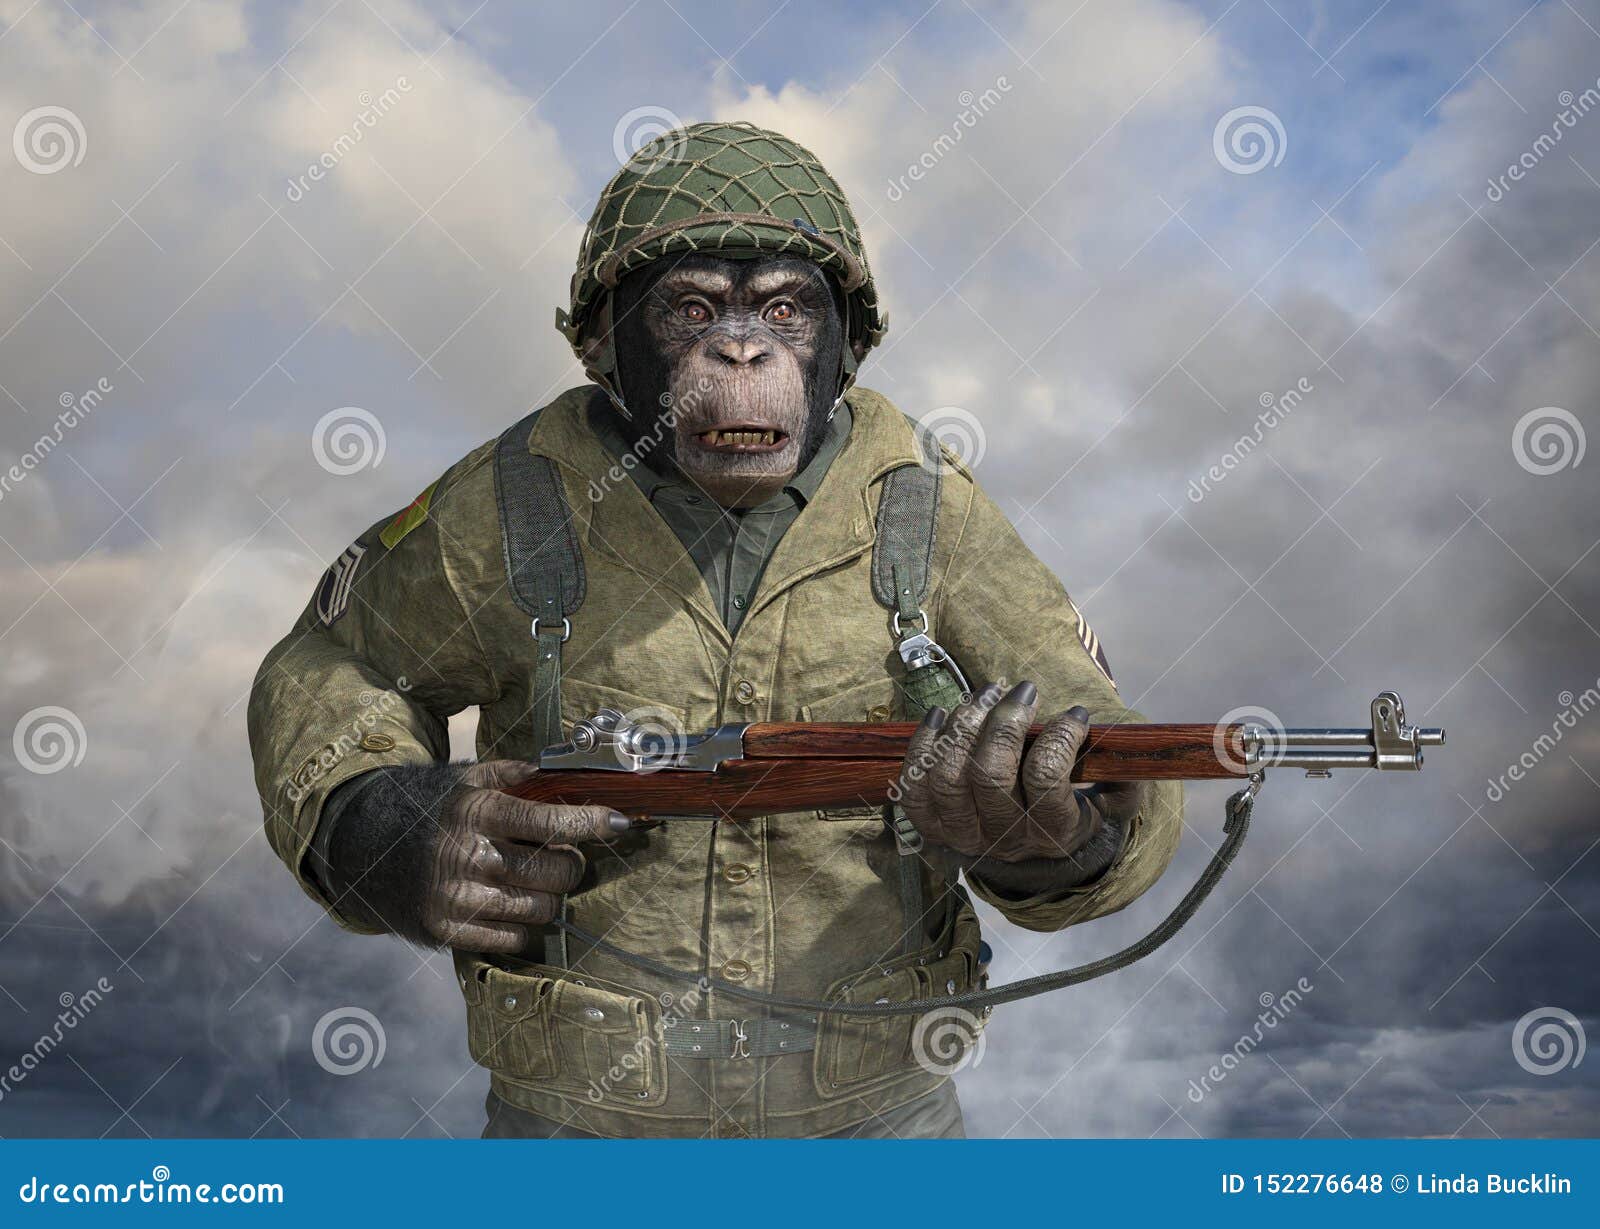 chimp-soldier-carrying-gun-d-render-chimp-soldier-152276648.jpg
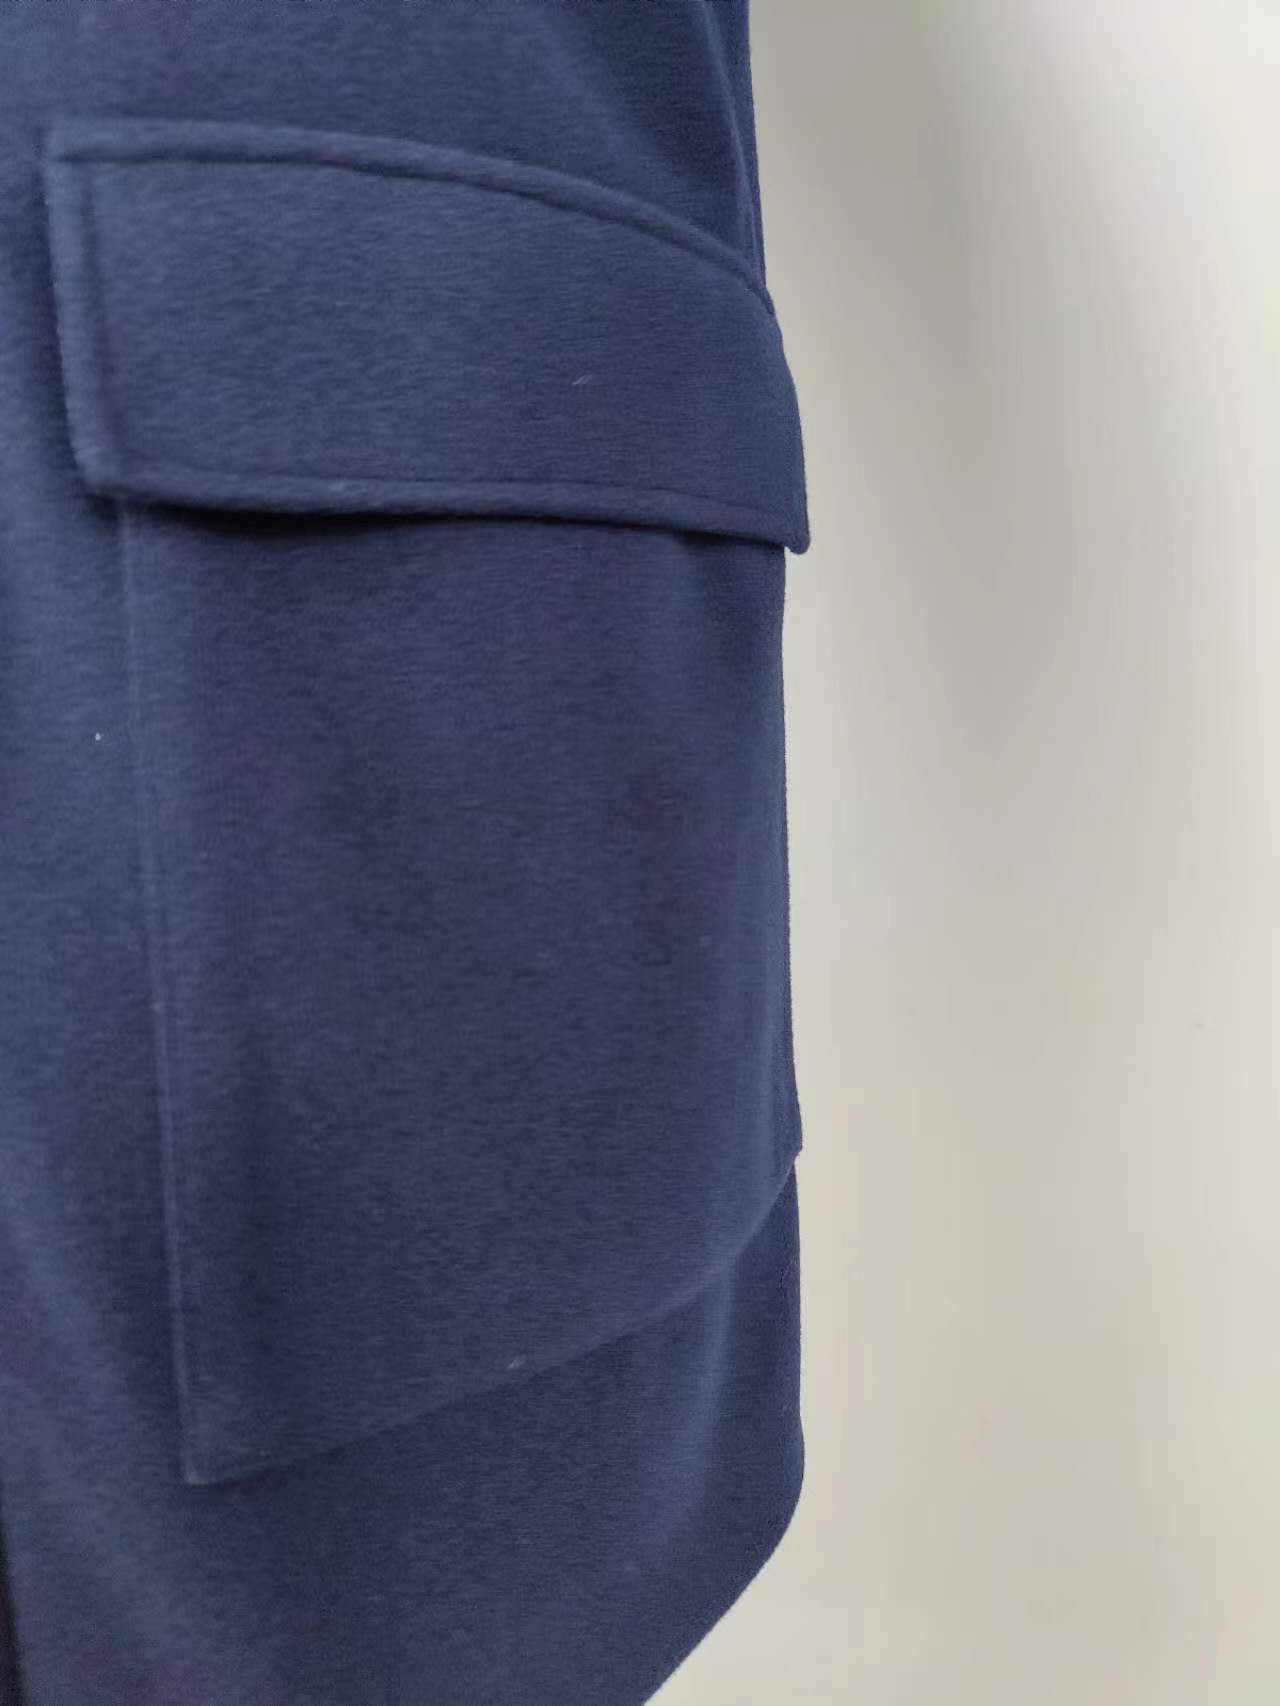 navy blue jacket with big pocket
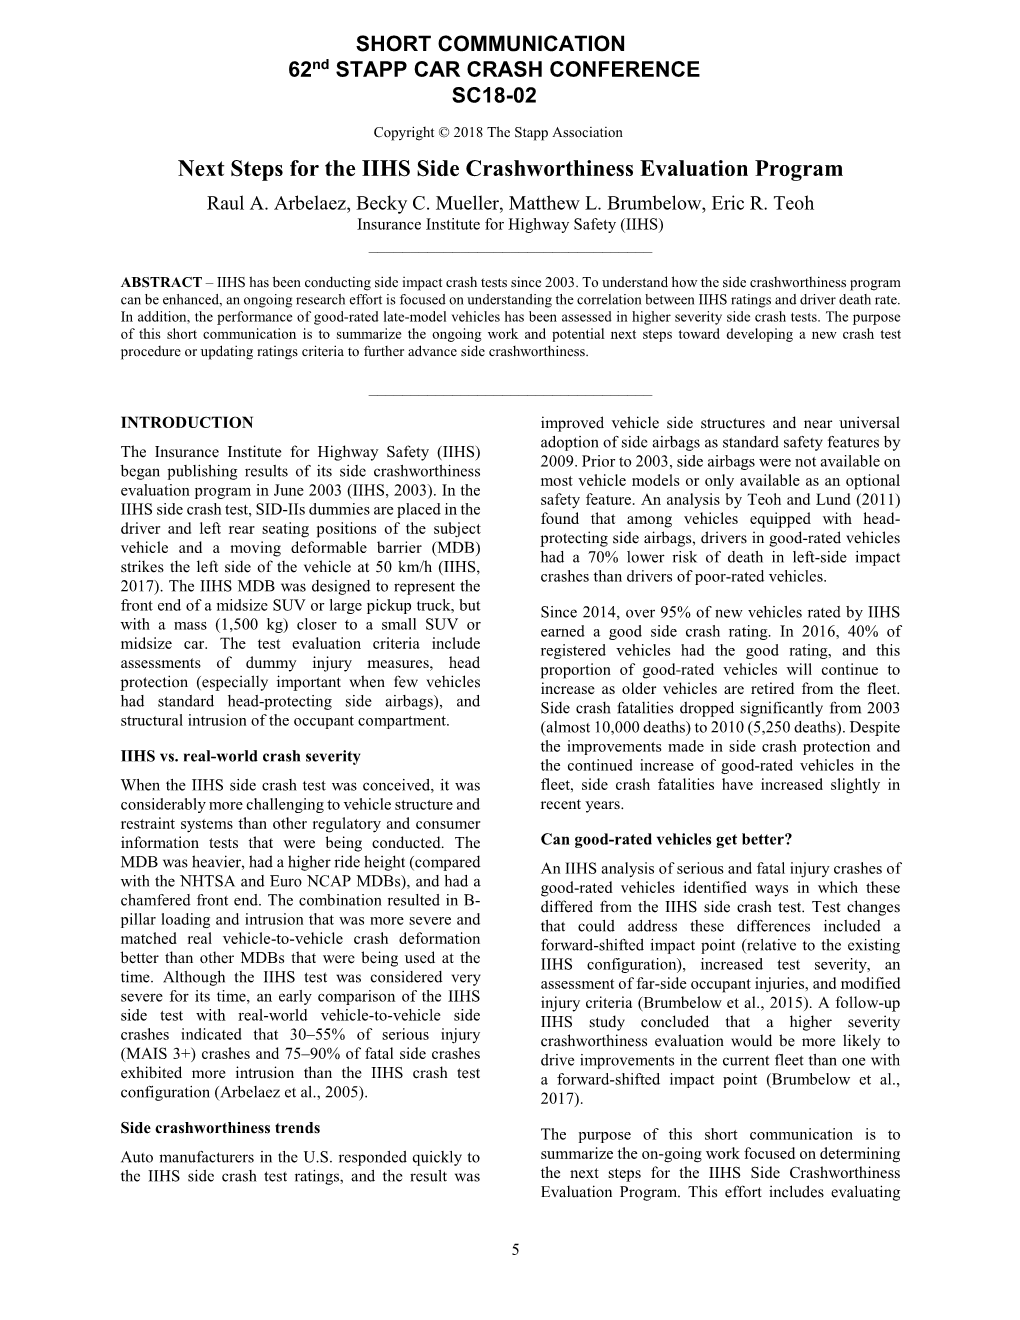 Next Steps for the IIHS Side Crashworthiness Evaluation Program Raul A

◆ Exercise brief: Each line above gets copied exactly; leave the pictures out.

◆ Written response:
 chimp-soldier-carrying-gun-d-render-chimp-soldier-152276648.jpg
 navy blue jacket with big pocket
 Next Steps for the IIHS Side Crashworthiness Evaluation Program Raul A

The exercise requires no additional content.